NAFCU Rebuffs Mica’s Latest Overture To Merge With CUNA

WASHINGTON – NAFCU directors yesterday rejected the latest CUNA bid to merge the two credit union trade associations, saying NAFCU's 800 members overwhelmingly prefer independence.

"Our members have been very clear in their desire to keep NAFCU as a separate organization with direct membership focused on the federal charter," said NAFCU Chairman Brad Beal, during the first day of the group’s annual Congressional Caucus.

"That won’t happen," said Michael Lussier, another NAFCU board member. "Our board will not merge with CUNA. It’s been discussed and dismissed as an issue."

Beal, the president of Nevada FCU, said the NAFCU board has discussed CUNA overtures "repeatedly," the most recent time last year, and rejected the idea of a combination of the two credit union groups.

CUNA President Dan Mica has called for a merger of the two trade associations on a number of occasions, most recent last month when he said it was one of his final priority items before he exits CUNA. "I'm going to say this, and I know it's going to get me into trouble, but I hope that credit unions will take this as an opportunity to bring CUNA and NAFCU together," Mica told The Credit Union Journal. "Credit unions have spent hundreds of millions of dollars in order to have a separate voice and a separate trade association."

Several attendees to NAFCU’s conference noted the disparity in the financial conditions of the two associations would pose an impediment to a merger.

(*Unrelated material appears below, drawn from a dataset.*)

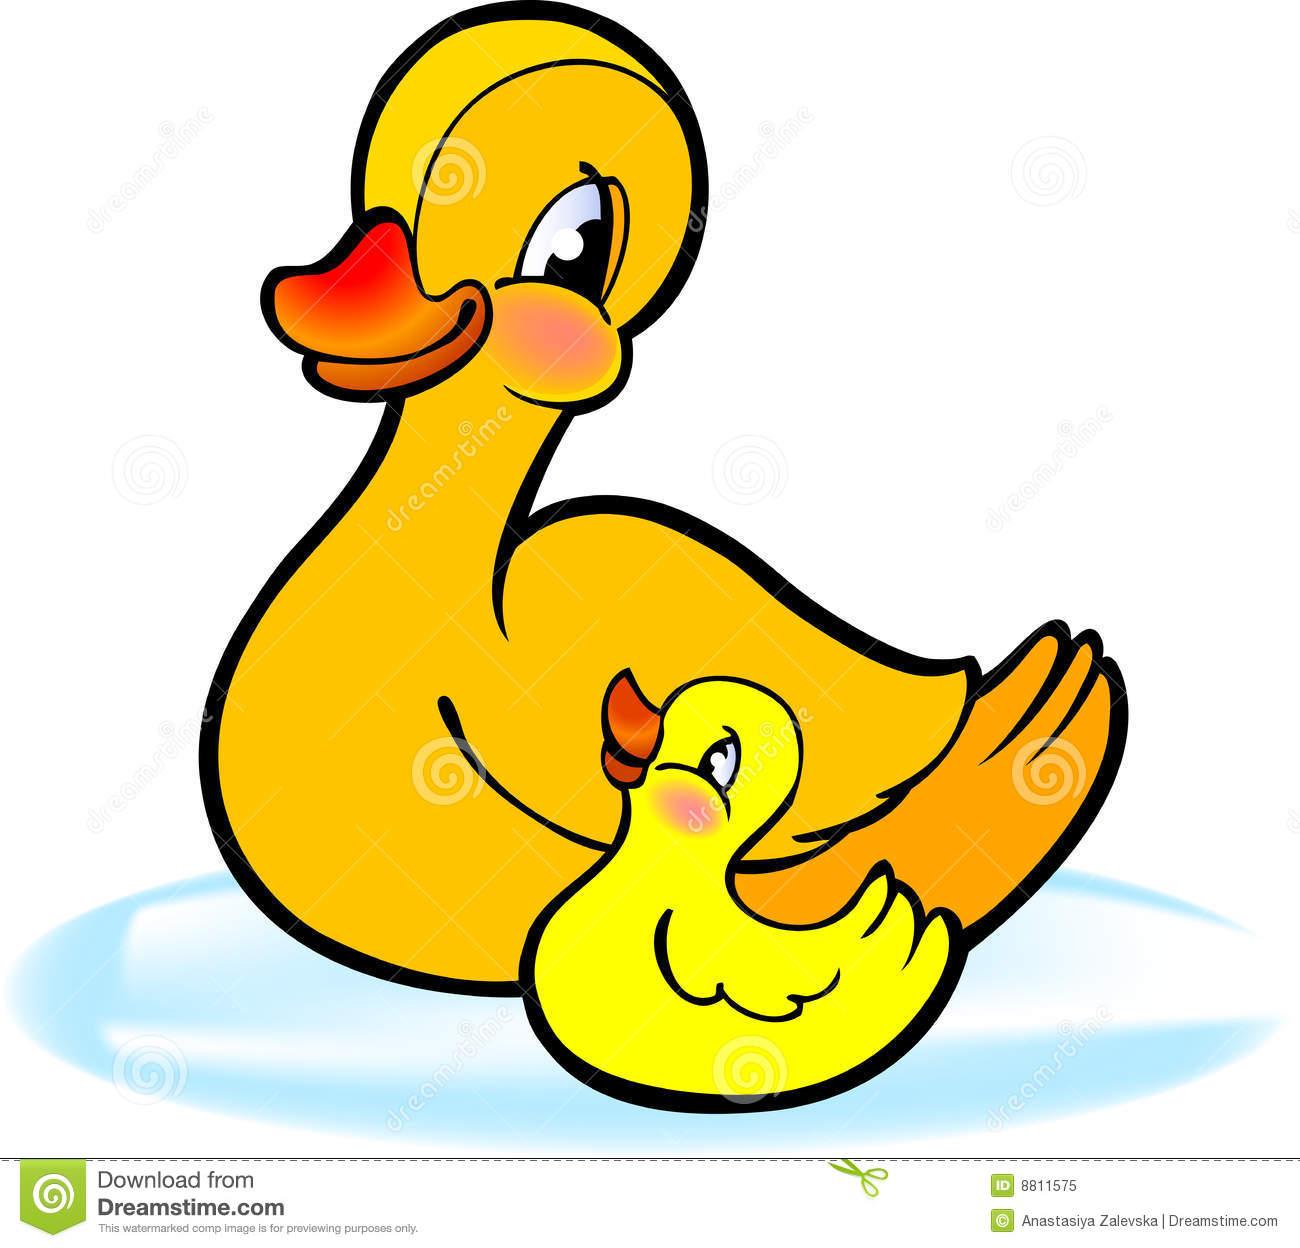 Mother duck clipart.
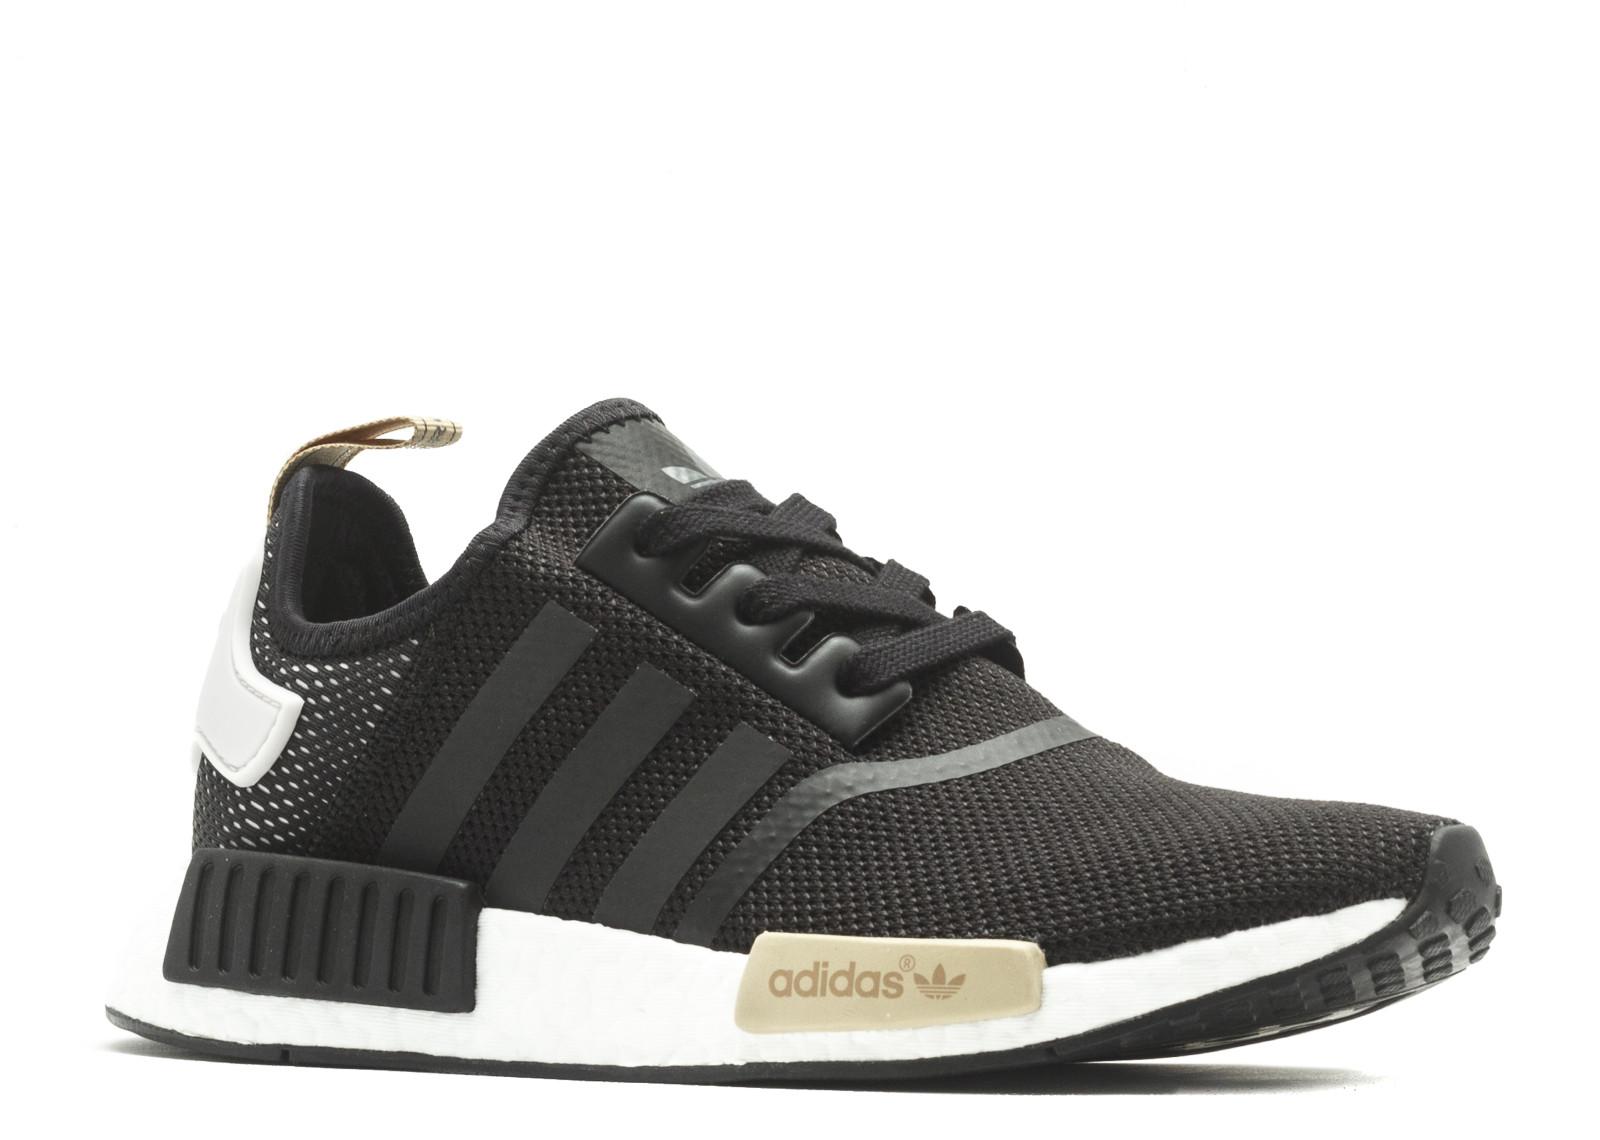 on sale 2b21d b1863 Kick Avenue - Authentic Sneakers

CUNA has lost almost $14 million in the past two years, $8 million in 2008, and its net worth has fallen below that of the far smaller NAFCU, which remains in the black, which doubled its net income last year to $397,000. Over the past two years CUNA’s net assets, which is equivalent to net worth, fell from more than $15 million to $2.7 million, while NAFCU’s have increased to $8.7 million.